Health Resource Allocation

Medical resources distribution and health service capacity were unevenly distributed regionally and by type of medical institution [3,4]. The data from Multimedia Appendix 1 reveals that the construction strategies of health informatization varied according to the health care resource allocation status in different regions [1].

For developed regions (mainly the eastern coast) with abundant medical resources, the local health administration undertook the major responsibilities for integrating high-quality medical resources and promoting health informatization. These regions had stronger abilities to independently develop informatization and provide stable and sufficient funds for informatization. Bottom-up building of health information platforms and data centers were established by the local health administration to connect the information system of health institutions at all levels in the administrative region, achieving the sharing and exchange of medical information. For example, municipal and county-level health commissions in each province independently carried out informatization construction, driving the development of provincial health informatization and promoting the development of regional health information infrastructures, information technologies, and professionals. Municipal and county-level health resource information was integrated, and the connectivity of health information within the province was realized [24].

In developing regions, mainly in western and central China, where medical resources were scarce, large hospitals generally connected with several local primary health care institutions to realize medical information exchange and sharing [24]. For instance, the West China Hospital of Sichuan University cooperated with surrounding secondary hospitals and community health service centers to achieve regional medical collaboration. Shengjing Hospital of China Medical University, in cooperation with public hospitals at all levels in Liaoning and Shenyang, constructed the Shengjing Medical Alliance, a nonprofit medical cooperative alliance. In these less developed and health resource scarce regions, unified management was implemented within the medical alliances to integrate medical resources at different levels. To optimize medical resources, resource-poor regions utilized telemedicine, or the use of telecommunications technologies to provide medical information and services, [1,4,42] for remote consultation and two-way referral, where primary medical units can get support from large hospitals and gain access to high-quality medical resources and services.

The COVID-19 pandemic typically led to a surge in demand for medical care, which overwhelmed local capabilities [43,44]. During the pandemic, telemedicine played an increasingly important role in medical resource allocation [1,4,42]. As the worst-hit area of COVID-19 in China, Hubei Province’s medical institutions were overloaded with a severe shortage of medical resources and services [43]. Due to the implementation of control measures such as lockdowns, traffic control, and community closure management, residents’ access to health care resources was severely restricted. Telemedicine was widely used to overcome geographical barriers and expand the supply of medical resources [45-47]. With the aid of informatization technologies, many doctors from other parts of China provided remote diagnosis and treatment services. For instance, the medical team from Guangdong Province built an internet hospital to provide online clinical support for patients in Jingzhou, Hubei Province. More than 1300 doctors from 15 medical institutions in Guangdong participated, with the total number of online visitors exceeding 100,000 within 18 days of its launch, making up for local medical service deficits in Hubei Province [48].

The Standard System

As seen in Figure 1 and Multimedia Appendix 1, emphasis has been placed on the standardization of health information, or the standard system [12]. In 2006, the Special Committee on Health Information Standards was approved by the Ministry of Health, where work on health information norms were standardized. Started in 2012, the National Medical Health Information System’s Interconnection and Interoperability Standardization Certification [16] aimed to strengthen the management and promote the implementation of health information standards, so as to achieve health information interoperability [11]. The Regional Health Informatization Survey and Hospital Informatization Survey found that by 2017, 54 regional platforms (1 provincial platform, 45 municipal platforms, and 8 county-level platforms), and 90 hospitals (84 tertiary hospitals and 6 secondary hospitals) had been certified. Between 2018 and 2019, the number certified significantly increased with an additional 48 regional platforms and 101 hospitals certified [49].

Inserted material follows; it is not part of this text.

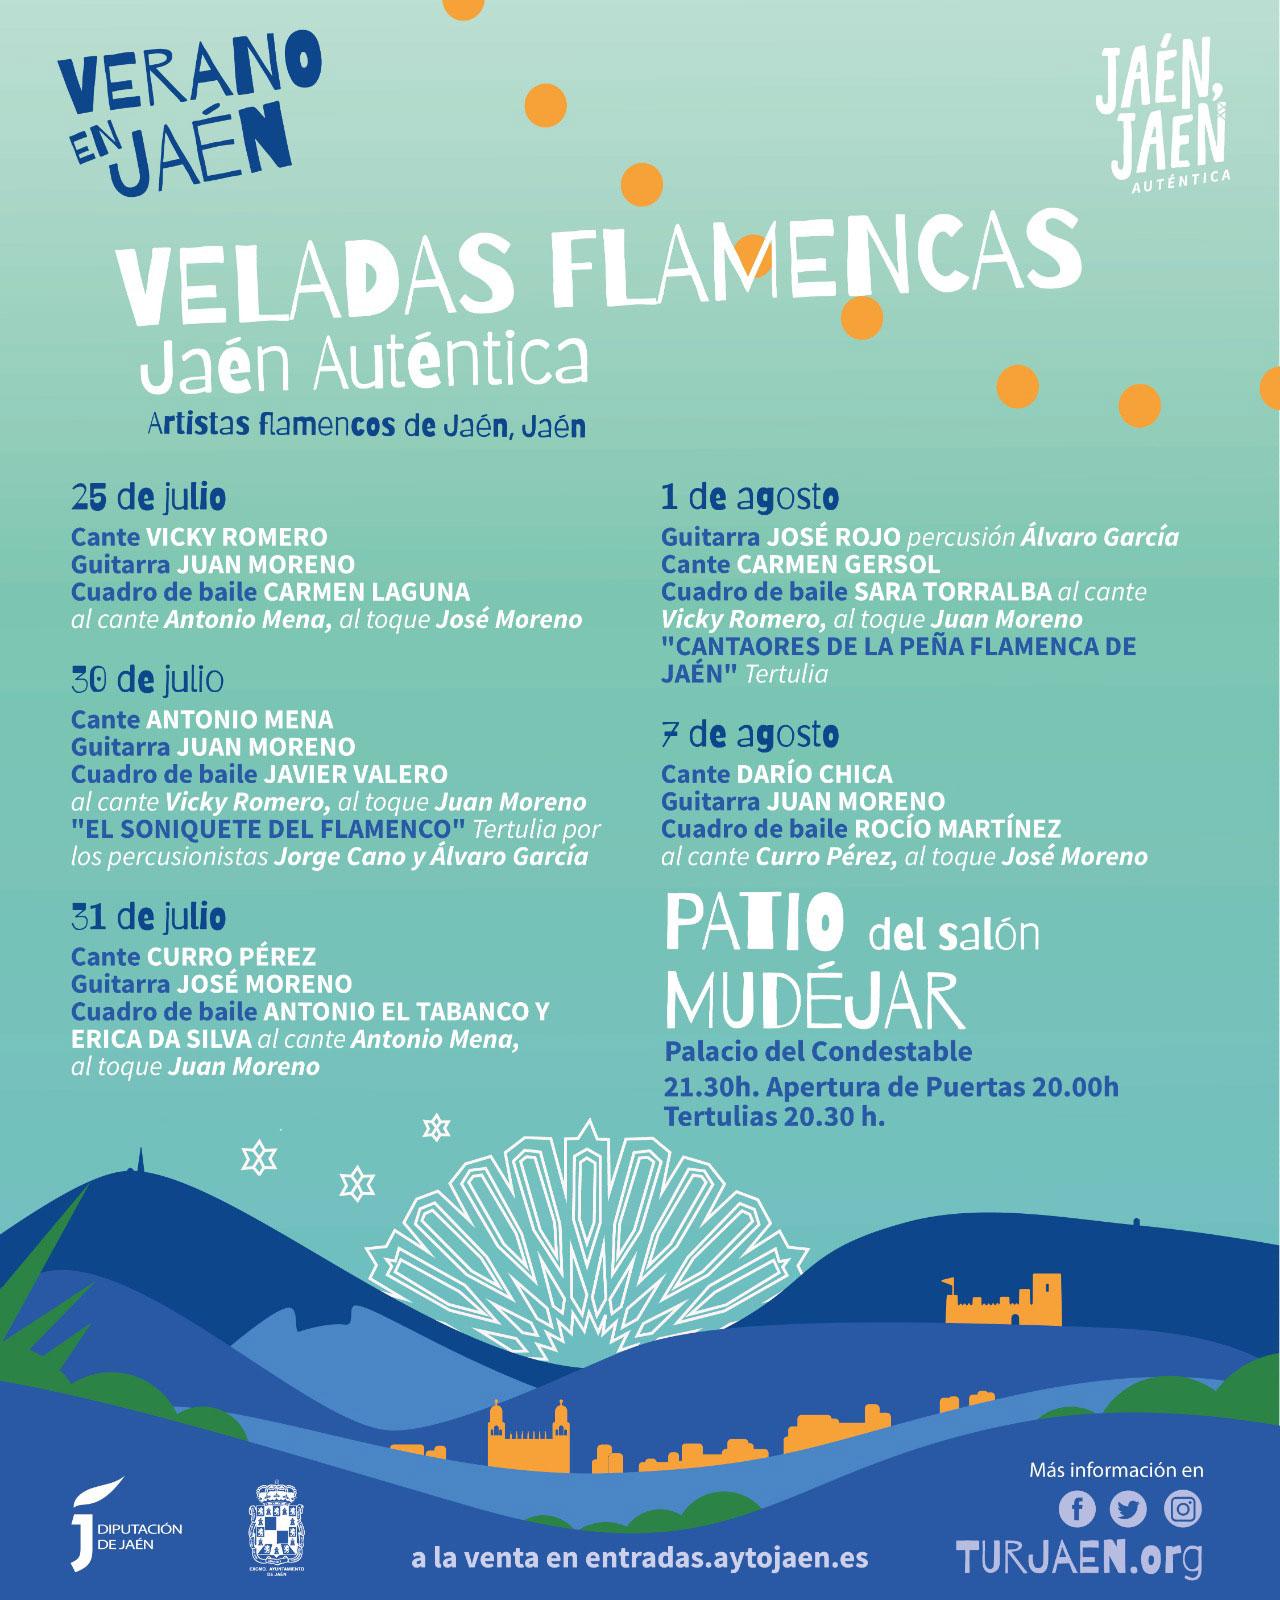 Veladas Flamencas Jaén Auténtica
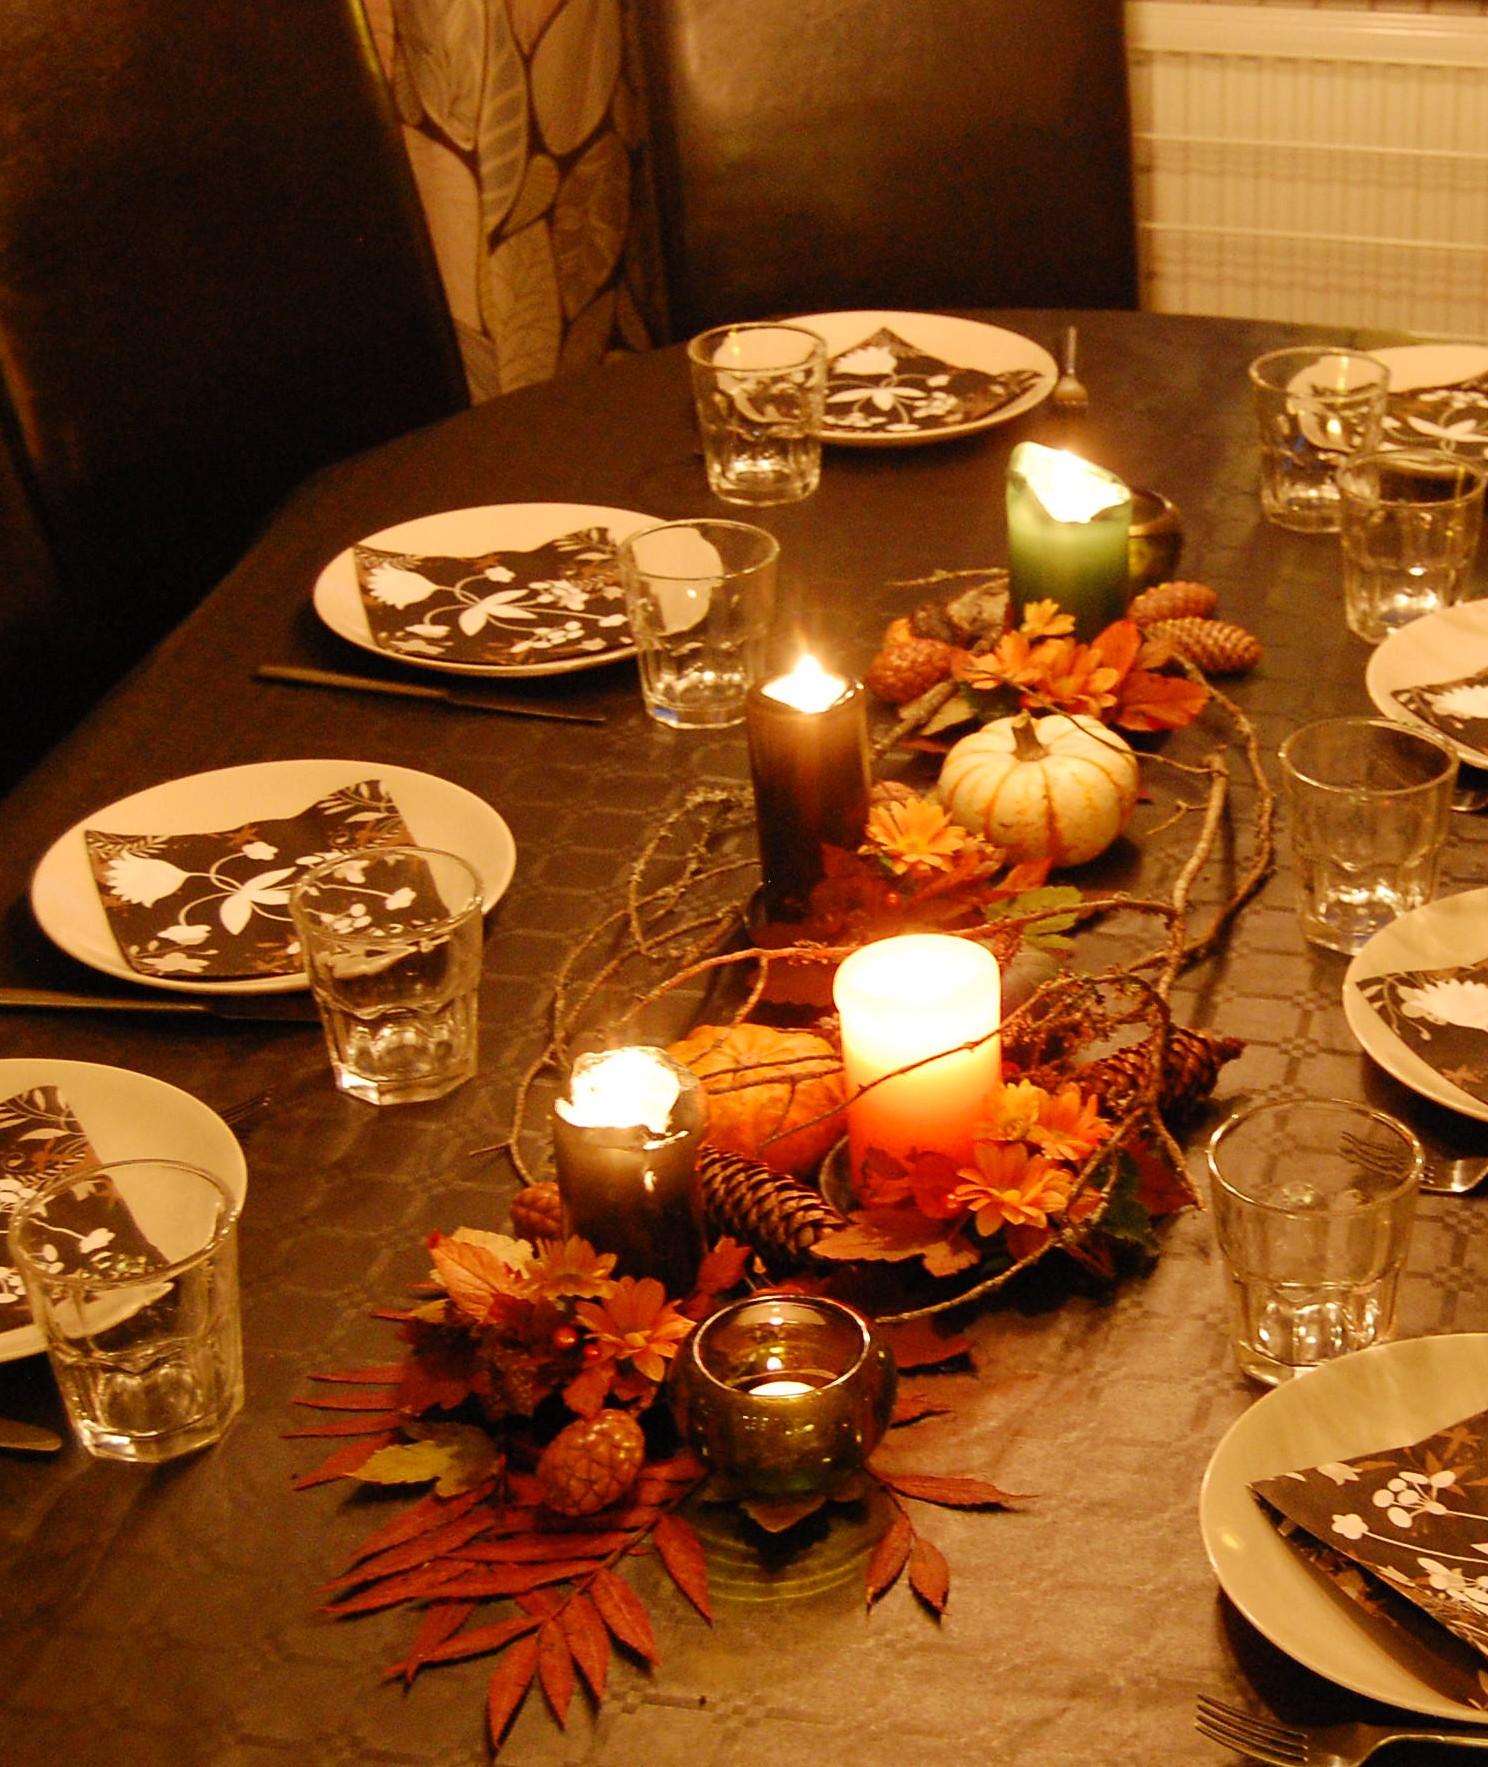 Bordsdekoration till h stens stora fest - Winterliche dekoration ...

The security system of regional health information platforms contained 4 levels: physical security, network security, system security, and application security. Physical security required hardware security and the geographical location security of the computer room and key infrastructure. Network security included link redundancy, firewall setup, and intrusion detection. System security included data backup, virus prevention, operating system security, and vulnerability checks. Application security included identity authentication and authority management [8,50]. By 2018, all provincial platforms, 90.9% (269/296) of municipal platforms, and 78.9% (1043/1322) of county-level platforms had formulated an information security system. Meanwhile, 99.2% (1468/1480) of tertiary hospitals, 95.9% (3577/3730) of secondary hospitals, and 81.5% (212/260) of other hospitals had formulated an information security system. By August 2020, with 227 effective information standards approved, the standard system for regional health informatization and hospital informatization had been basically established throughout the health system [26].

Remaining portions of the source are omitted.